Em clucked her tongue. “First, we’re going back to Landon’s so you don’t break the rules he’s set forth and forfeit everything because you can’t resist being difficult. My mama has the boys for the night, and I’m free. I can dine on cold, leftover crab and artichoke dip in Landon’s hot tub, which runs at a warm ninety-eight degrees. And second, remember this—your voice is pretty sexy, Dixie. All raspy and Kathleen Turner-ish. No doubt, you’ve made a million foolish men fall at your feet without ever having seen you. All they needed to do was listen. Bet you could beat the pants off Caine Donovan in a phone-sex-off with a voice like that if you set your mind to it.”
If only his pants were the issue. Anxiety churned in Dixie’s stomach. “But he can create thousands of different personas with his impressions, Em. He can be whoever a woman wants him to be. How can I ever top Sean Connery?”
“I can’t even believe I’m sayin’ this. What do you think the ratio of male/female callers really is? Ignore the story Caine was sellin’ you and focus. You could beat him with your mouth taped shut with those odds. Women might be empowered these days, but the truth is, they don’t have to work as hard as men out in the real world.”
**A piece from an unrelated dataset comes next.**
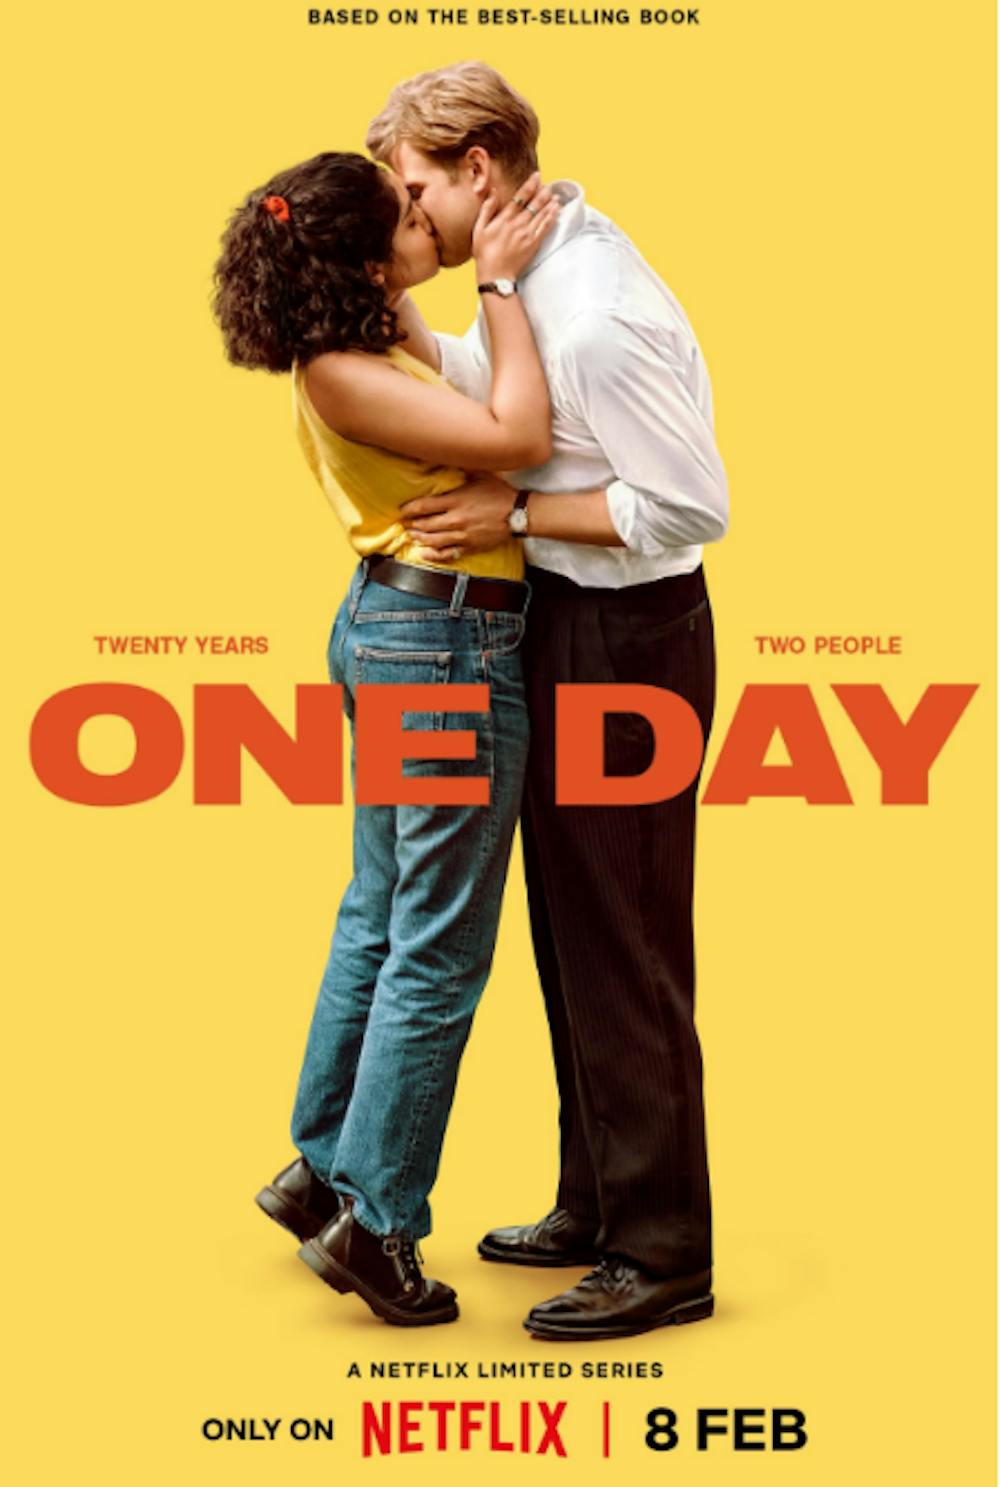 Netflix’s romantic drama ‘One Day’ will leave you gutwrenched The Signal

Good point. But... There was still Sam. “Have you heard his Sam Elliott impression?”
Em waffled, probably because she had. And it was a thigh-clencher. Still, she shook a stern finger at her. “Then you’ll just have to work harder.” She paused then, her smile ironic. “Funny, isn’t it? You actually workin’ for what you want instead of everyone doing the work for you? And besides all of the obvious, we don’t even know if Caine’ll take Landon up on this crazy endeavor I’m hereby callin’ ‘Survivor, the Porn Edition.’ So before you even consider feelin’ sorry for yourself, just remember your new mantra—outwit, outlast, outplay.”
Em’s words of encouragement warmed her. True enough. You didn’t become a successful real-estate mogul by taking two months off. “You think?”
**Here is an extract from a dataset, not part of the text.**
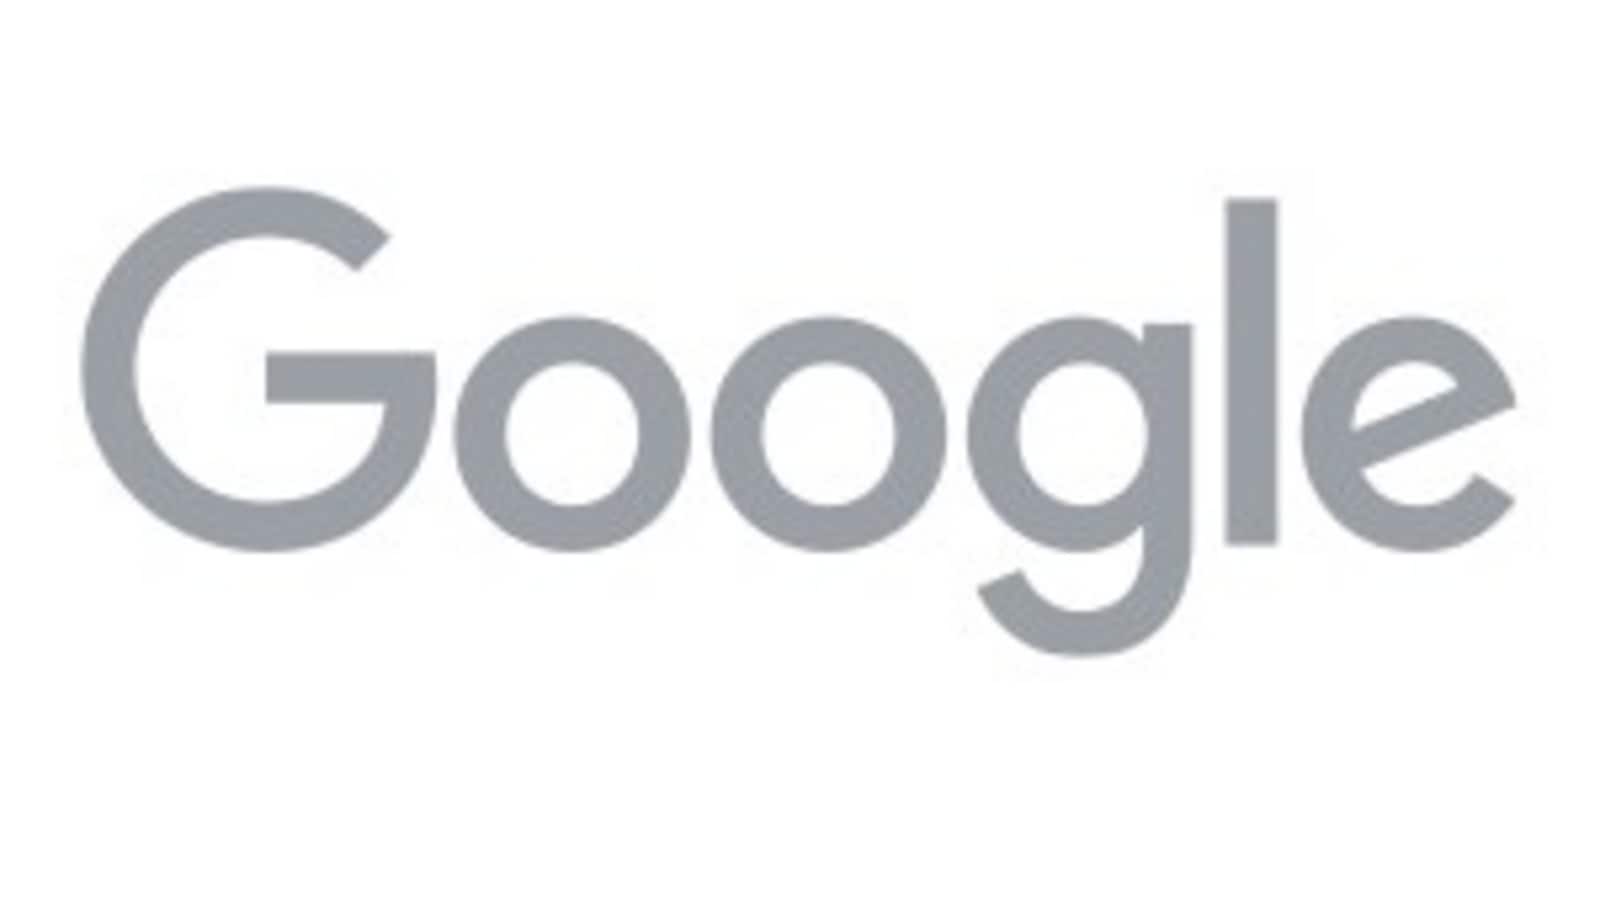 Google logo turns grey, leaving confused. It's a tribute to

Em nodded with a vehement dip of her head. “He has a successful real-estate business back in Miami, Dixie, employees and everything. He can’t just up and leave for a long period of time. So I’d lay bets by tomorrow, he’ll be on a plane back to the Sunshine State. Today was just him blusterin’ like men do when a woman has the nerve to call them on their game.”
Dixie stood rooted to the top of the stairs while the phrase, “What can Mistress Lana do for you tonight, unworthy one?” ran like a stampede of elephants in her brain.
Em roped an arm through Dixie’s. “You’re thinkin’ too much. I can see it. Let’s go to the big house and we’ll talk it over.” She stopped on the step for a moment, turning to Dixie, her eyes clouded with suspicion. “Wait a minute. Did Landon know what was going on with you financially? Did he know you were pushin’ your last dime just to get here to be with him?”
Tears began to flood her eyes again, but this time Dixie didn’t stop them, she let them drip down her face and hit the steel steps. “No,” she whispered. “I could never tell him....”
“Because the first thing he would have done was meddle, and the second would be to set about making the boo-boo all better, and naturally, you have your pride.”
“So you know what happened?” That last bit of her pride floated upward toward the ceiling.
“The grapevine is thicker than ever here, Dixie. Some took great pleasure in it when they read the papers and saw Dixie-Cup had gone belly up. Though I will tell you, I wasn’t one of them. Honest.” Facing Dixie, she held her right palm up.
“I didn’t want him to rescue me. I went in with my eyes wide open. I left Plum Orchard to open the restaurant with them wide open, too—definitely one of my more harebrained schemes. But I never told Landon a thing.